Ali menjawab, ‘Aku takut, saat aku mengucapkan, ‘Labbaik (Aku memenuhi panggilan-Mu, ya Allah)’ Allah membalas, ‘Aku tidak sudi menerima kedatanganmu!’ Ketika Ali mencoba mengucapkan talbiyah, dia pingsan, tubuhnya pun terjatuh dari kendaraannya.” (Adz-Dzahabi, Siyar A`lam an-Nubala).

Abu Nuh al-Anshari berkata, “Kebakaran terjadi di sebuah rumah. Ali bin al-Husain berada di dalamnya, sedang shalat. Orang-orang berteriak memanggil, ‘Wahai cucu Rasulullah, kebakaran!’ Ali tetap melanjutkan shalatnya sampai api berhasil dipadamkan. Ketika ditanya, Ali menjawab, ‘Aku terlupakan dari api ini (kebakaran) oleh api lain (neraka).” (Adz-Dzahabi, Siyar A`lam an-Nubala).

Kedermawanan Ali

Ali hidupnya tidak miskin, karena sebagai satu-satunya anak lelaki Husain yang selamat, dia sangat disimpati orang banyak bahkan Khalifah Bani Umayyah ada yang dekat dengannya. Belum lagi pemberian dari para dermawan. Sehingga sulit bagi Ali untuk hidup tidak punya apa-apa.

Ali punya amalan sedekah yang tidak diketahui siapapun bahkan oleh keluarganya dan orang diberi sedekah. Dia sedekah malam hari dengan membawa barang sedekahnya sendiri. Dengan cara seperti itu, dia menyantuni 100 keluarga.
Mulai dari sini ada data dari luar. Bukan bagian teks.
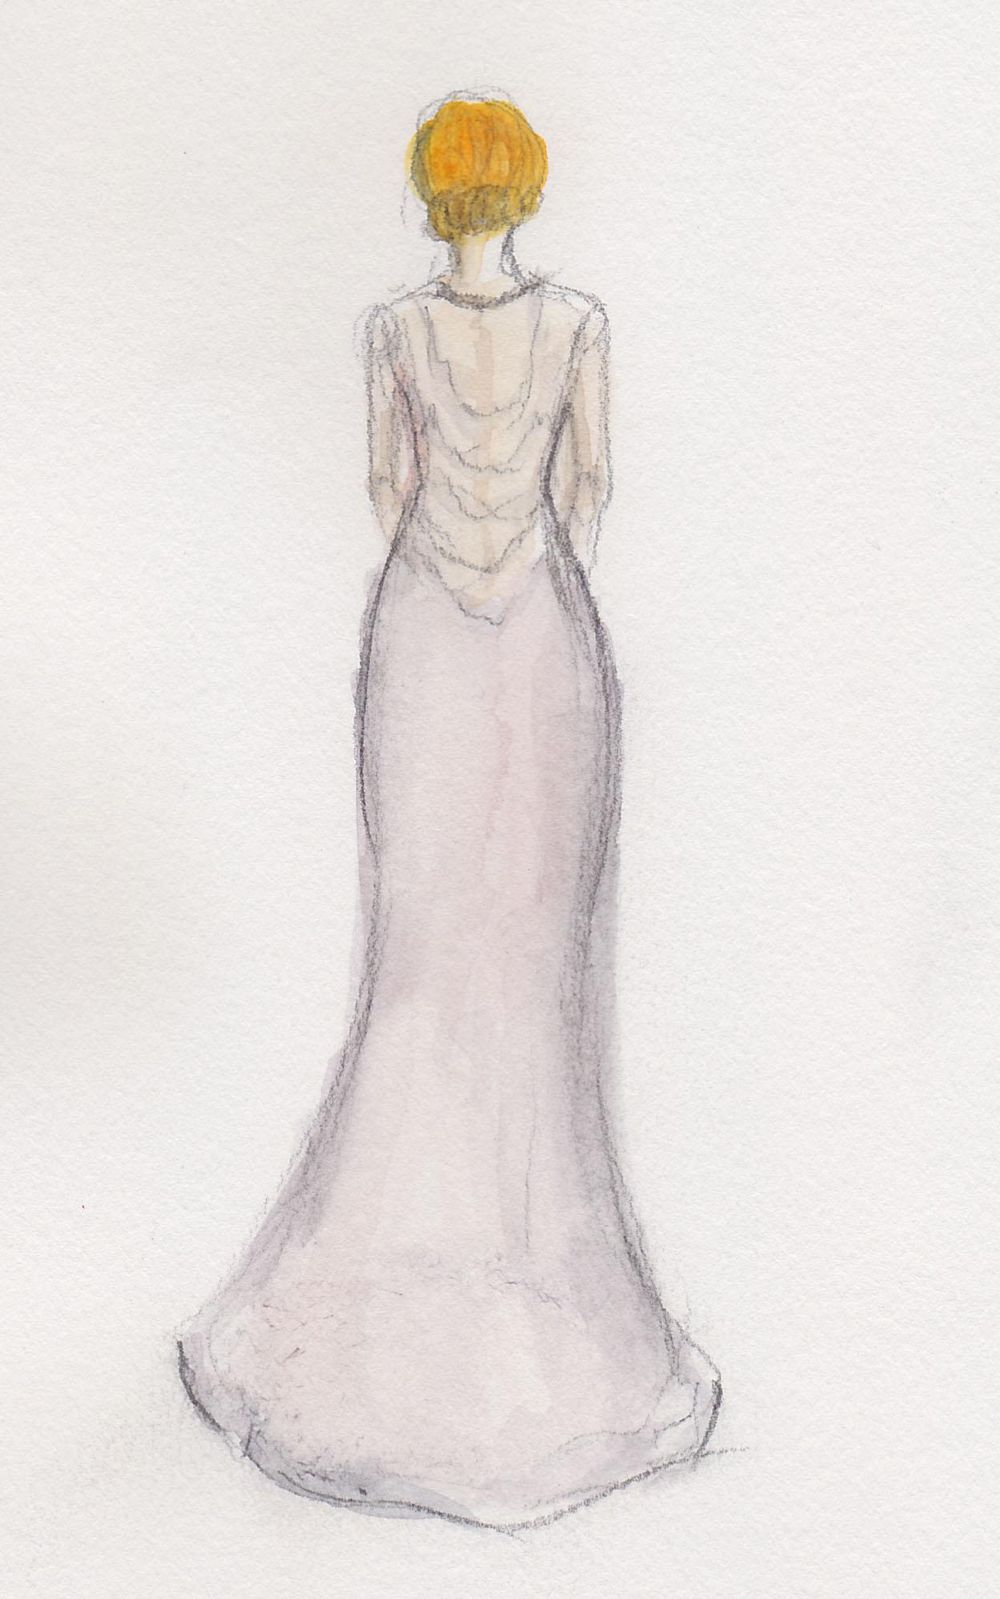 Final | Coral & Embellished - image 5 - student project
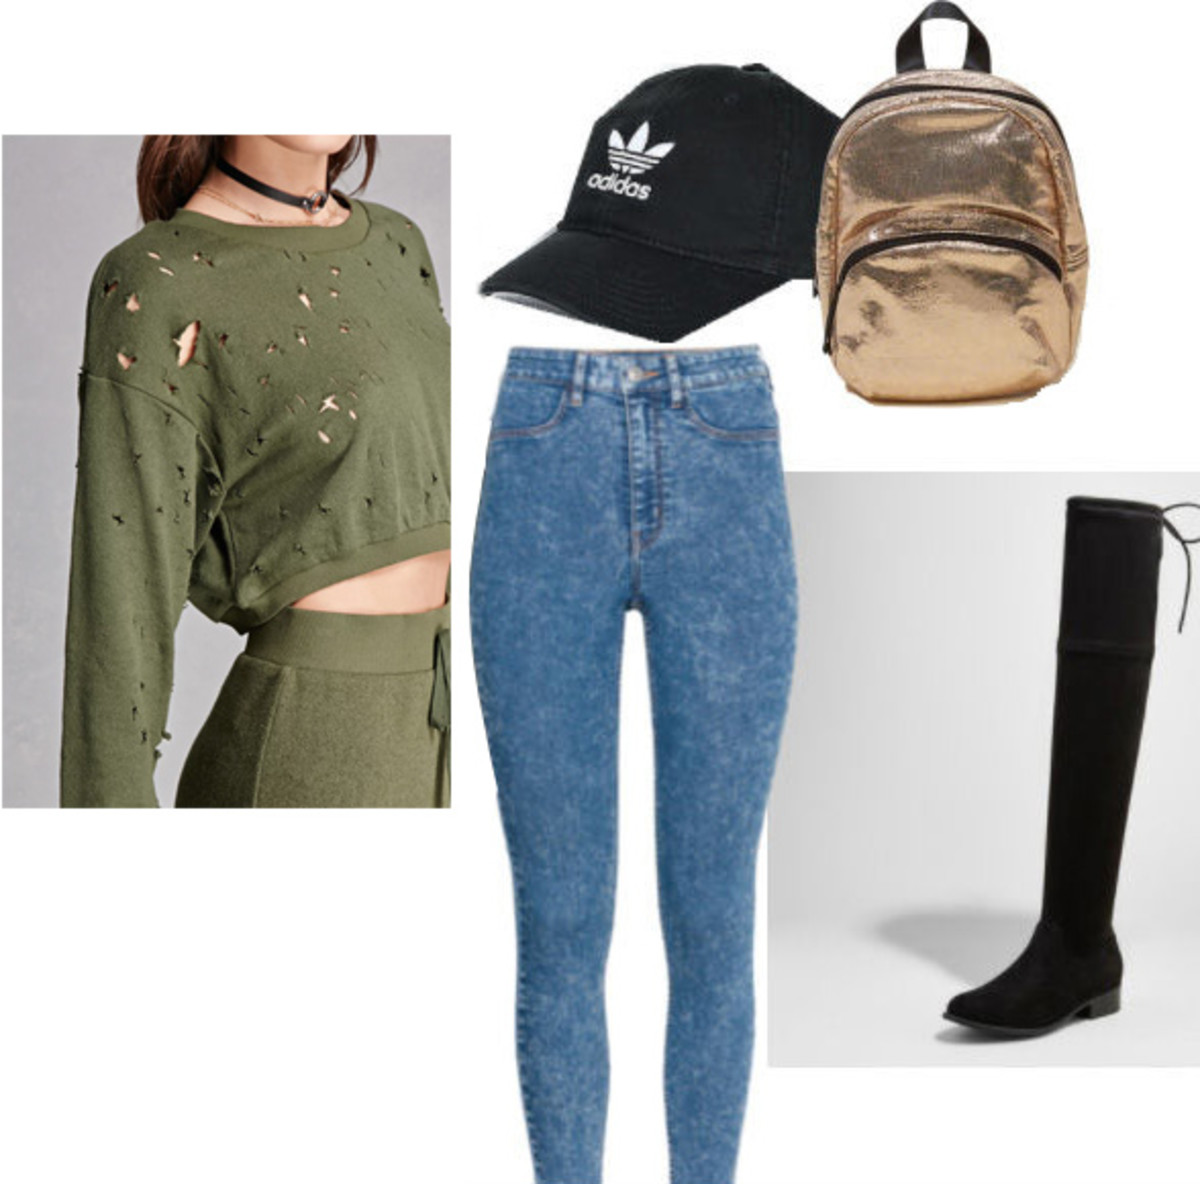 blue-med-skinny-jeans-black-shoe-boots-tan-bag-pack-hat-cap-green-olive-sweater-sweatshirt-fall-winter-weekend.jpg

Muhammad bin Ishaq menyebut: “Sejumlah keluarga di Madinah menerima pemberian misterius. Mereka tidak pernah tahu si pemberi. Setelah Ali bin al-Husain meninggal, mereka tidak lagi menerima pemberian yang biasanya dihantarkan ke depan rumah mereka di malam hari.”

Syaibah bin Na`amah menyatakan ada 100 keluarga yang menerima pemberian Ali bin al-Husain dengan cara misterius itu. (Adz-Dzahabi, Siyar A`lam an-Nubala).

Hajjaj bin Artha’ah menceritakan: “Abu Ja`far menuturkan bahwa ayahnya, Ali bin al-Husain, membagi dua hartanya di jalan Allah dua kali. Ali kemudian berkata, ‘Sesungguhnya Allah mencintai hamba pendosa namun banyak bertaubat.” (Adz-Dzahabi, Siyar A`lam an-Nubala).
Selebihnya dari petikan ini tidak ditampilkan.